> Task item
Report each line of the listing below that holds "Steel".

Start of Block

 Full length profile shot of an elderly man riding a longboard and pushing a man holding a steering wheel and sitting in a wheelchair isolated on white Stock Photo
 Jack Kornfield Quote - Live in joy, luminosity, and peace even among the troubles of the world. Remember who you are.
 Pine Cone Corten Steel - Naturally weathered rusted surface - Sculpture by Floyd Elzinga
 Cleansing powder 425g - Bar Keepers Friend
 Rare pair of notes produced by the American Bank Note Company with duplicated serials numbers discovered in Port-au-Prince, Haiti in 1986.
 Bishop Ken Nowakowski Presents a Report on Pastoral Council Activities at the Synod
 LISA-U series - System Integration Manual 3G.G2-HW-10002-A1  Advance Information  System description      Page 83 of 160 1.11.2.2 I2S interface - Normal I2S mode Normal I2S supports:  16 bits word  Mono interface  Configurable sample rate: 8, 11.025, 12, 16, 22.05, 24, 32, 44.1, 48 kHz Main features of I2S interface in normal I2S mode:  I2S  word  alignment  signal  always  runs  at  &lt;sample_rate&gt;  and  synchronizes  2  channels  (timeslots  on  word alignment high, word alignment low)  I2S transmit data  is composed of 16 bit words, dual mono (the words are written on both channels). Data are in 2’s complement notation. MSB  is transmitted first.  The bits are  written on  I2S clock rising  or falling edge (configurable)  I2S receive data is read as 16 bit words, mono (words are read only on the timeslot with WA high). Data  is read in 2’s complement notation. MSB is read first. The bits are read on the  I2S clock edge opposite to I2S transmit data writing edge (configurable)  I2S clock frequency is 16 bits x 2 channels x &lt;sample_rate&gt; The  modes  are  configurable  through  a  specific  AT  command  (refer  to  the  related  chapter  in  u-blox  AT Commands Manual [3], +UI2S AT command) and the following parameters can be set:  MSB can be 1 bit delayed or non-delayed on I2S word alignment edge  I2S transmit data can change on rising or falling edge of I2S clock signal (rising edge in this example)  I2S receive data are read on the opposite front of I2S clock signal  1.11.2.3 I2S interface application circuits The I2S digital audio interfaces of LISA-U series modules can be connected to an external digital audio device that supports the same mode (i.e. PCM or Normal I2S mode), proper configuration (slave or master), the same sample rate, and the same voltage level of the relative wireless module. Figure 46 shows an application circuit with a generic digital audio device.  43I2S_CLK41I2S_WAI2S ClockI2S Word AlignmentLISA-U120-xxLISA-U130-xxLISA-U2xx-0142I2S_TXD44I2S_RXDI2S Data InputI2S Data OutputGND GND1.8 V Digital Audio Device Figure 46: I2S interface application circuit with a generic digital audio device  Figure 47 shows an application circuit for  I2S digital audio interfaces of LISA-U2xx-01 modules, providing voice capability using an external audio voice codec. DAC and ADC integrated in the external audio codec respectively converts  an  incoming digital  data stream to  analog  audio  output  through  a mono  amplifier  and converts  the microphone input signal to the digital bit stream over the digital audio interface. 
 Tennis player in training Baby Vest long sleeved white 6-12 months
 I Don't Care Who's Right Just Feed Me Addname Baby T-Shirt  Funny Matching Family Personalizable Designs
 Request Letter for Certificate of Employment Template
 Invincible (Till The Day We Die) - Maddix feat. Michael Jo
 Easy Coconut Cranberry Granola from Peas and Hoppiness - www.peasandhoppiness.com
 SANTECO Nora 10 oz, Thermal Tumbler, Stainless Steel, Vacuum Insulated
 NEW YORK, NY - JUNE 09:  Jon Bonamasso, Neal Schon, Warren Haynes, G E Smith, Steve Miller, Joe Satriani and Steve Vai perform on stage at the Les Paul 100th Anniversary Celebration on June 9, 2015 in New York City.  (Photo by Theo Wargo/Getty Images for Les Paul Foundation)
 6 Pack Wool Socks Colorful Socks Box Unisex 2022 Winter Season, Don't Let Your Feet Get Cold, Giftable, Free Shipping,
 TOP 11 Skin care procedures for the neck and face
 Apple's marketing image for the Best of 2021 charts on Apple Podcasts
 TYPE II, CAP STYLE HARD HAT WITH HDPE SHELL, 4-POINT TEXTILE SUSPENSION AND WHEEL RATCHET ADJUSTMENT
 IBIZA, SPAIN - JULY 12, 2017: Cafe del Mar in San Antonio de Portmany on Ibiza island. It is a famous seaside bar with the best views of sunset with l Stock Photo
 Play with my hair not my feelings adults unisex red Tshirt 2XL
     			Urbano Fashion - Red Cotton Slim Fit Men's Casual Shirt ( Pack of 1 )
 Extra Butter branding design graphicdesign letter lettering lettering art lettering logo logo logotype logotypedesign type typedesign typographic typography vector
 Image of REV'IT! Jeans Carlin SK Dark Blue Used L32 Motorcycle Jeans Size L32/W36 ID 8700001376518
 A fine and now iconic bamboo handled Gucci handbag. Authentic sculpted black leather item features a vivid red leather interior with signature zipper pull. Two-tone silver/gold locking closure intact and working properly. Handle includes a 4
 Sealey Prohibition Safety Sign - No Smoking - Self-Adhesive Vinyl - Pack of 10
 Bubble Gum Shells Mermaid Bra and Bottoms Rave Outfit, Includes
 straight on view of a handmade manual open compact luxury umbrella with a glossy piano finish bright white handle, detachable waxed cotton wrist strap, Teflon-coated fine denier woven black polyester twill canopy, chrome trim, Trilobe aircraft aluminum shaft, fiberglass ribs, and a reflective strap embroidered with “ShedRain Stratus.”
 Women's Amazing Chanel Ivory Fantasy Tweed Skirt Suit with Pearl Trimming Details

End of Block

> Task answer
 Pine Cone Corten Steel - Naturally weathered rusted surface - Sculpture by Floyd Elzinga
 SANTECO Nora 10 oz, Thermal Tumbler, Stainless Steel, Vacuum Insulated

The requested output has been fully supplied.